Лежа лицом к стене, я притворялся спящим: редкое бессвязное бормотание… два или три пробных всхрапа… небольшая доза непроизвольных подергиваний. Но простыни позади меня не прекращали шелестеть. Внезапно я почувствовал руку, проскользнувшую по нижней части моей спины. В считанные секунды — отслеженная моими лобковыми волосами, чувствительными, как кошачьи усы, — она уже зависла у меня над пахом. И из моего паха донеслось: «Я готов».

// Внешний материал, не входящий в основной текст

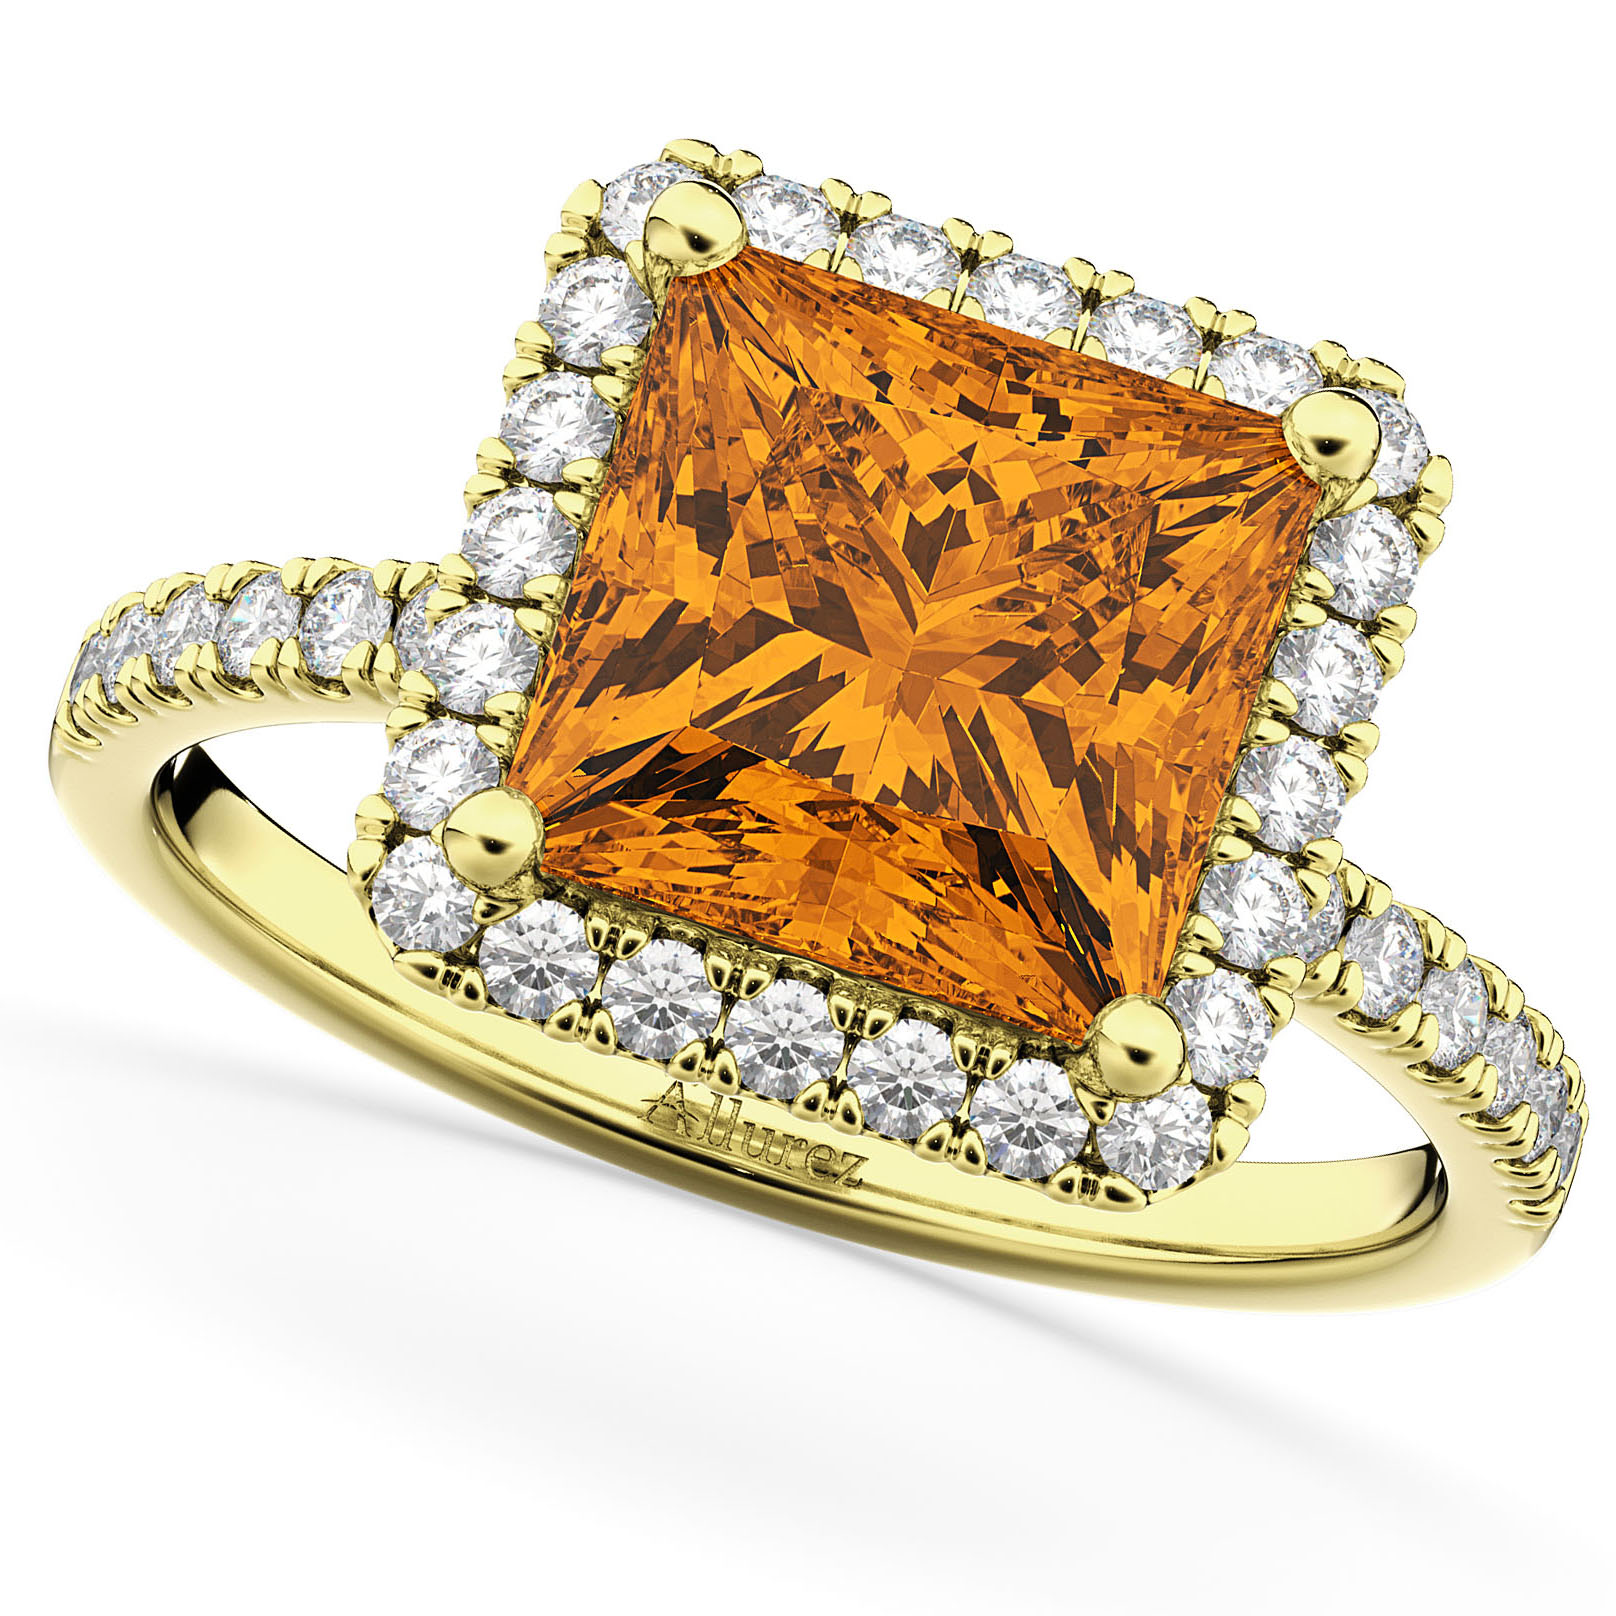 Princess Cut Halo Citrine & Diamond Engagement Ring 14K Yellow Gold 3.47ct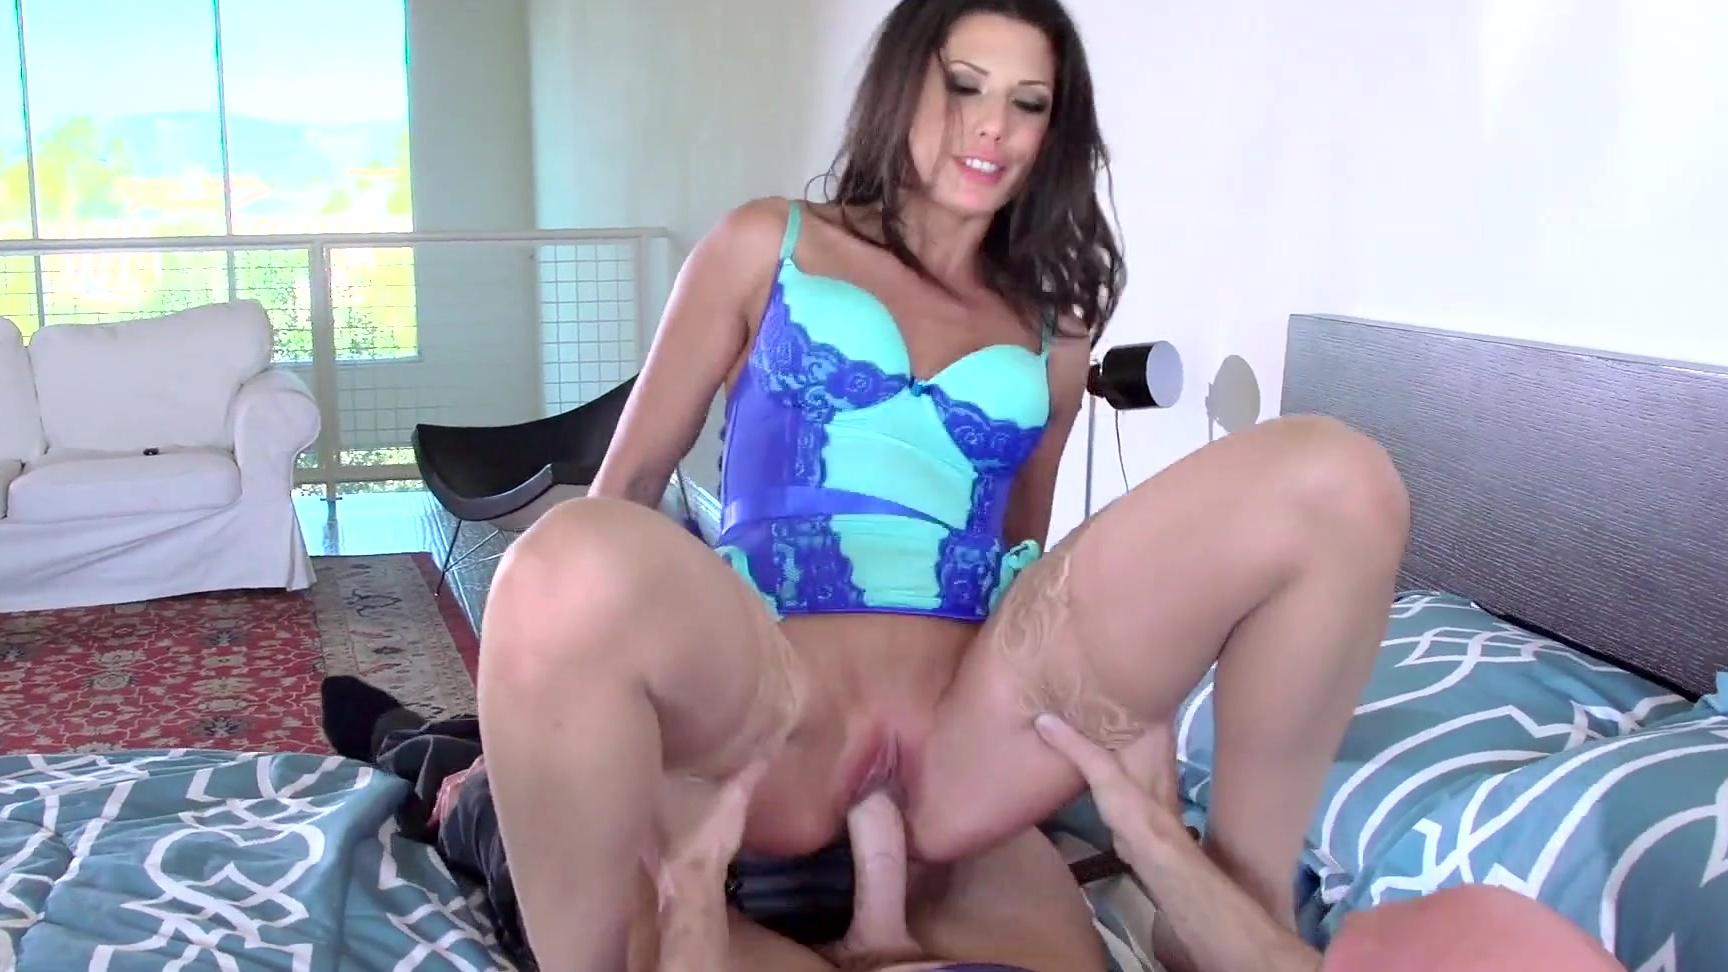 latina milf alexa tomas gets a married throbbing cock to suck & fuck

Во время затянувшейся прелюдии я взглянул вниз, чтобы увидеть Глорию, практикующуюся в извращении под названием фелляция. Непостижимо для меня, она делала это со всей возможной серьезностью и великим энтузиазмом, двигая головой так, что ее длинные густые волосы соскальзывали и вновь набегали на мои бедра, живот и ноги. С виду это было ужасно трогательно, но все, что я мог почувствовать, это совершенно неуместное оцепенение да еще судороги в одной ноге и покалывание в другой. «Может, я уже кончил?» — спрашивал я себя.

Глория так не думала. Внезапно она вскочила, изрекла: «Я делаю это только ребятам, которые мне нравятся», чмокнула меня в губы, и я вдруг оказался на ней.

Помню, в какой-то момент я оторвался от обоев, которые внимательно разглядывал, чтобы посмотреть на ее лицо (исключительно для своих записок): оно впечатляло своей первобытной дикостью. Соответственно, ее оргазм сопровождался скрипом зубов и испуганным повизгиванием, а она сама содрогалась, как от ударов хлыста. Мой оргазм сопровождался болью в спине, хриплой одышкой и полной опустошенностью. Когда я вытащу, вдруг подумалось мне, то наверняка залью кровью всю комнату Дженни.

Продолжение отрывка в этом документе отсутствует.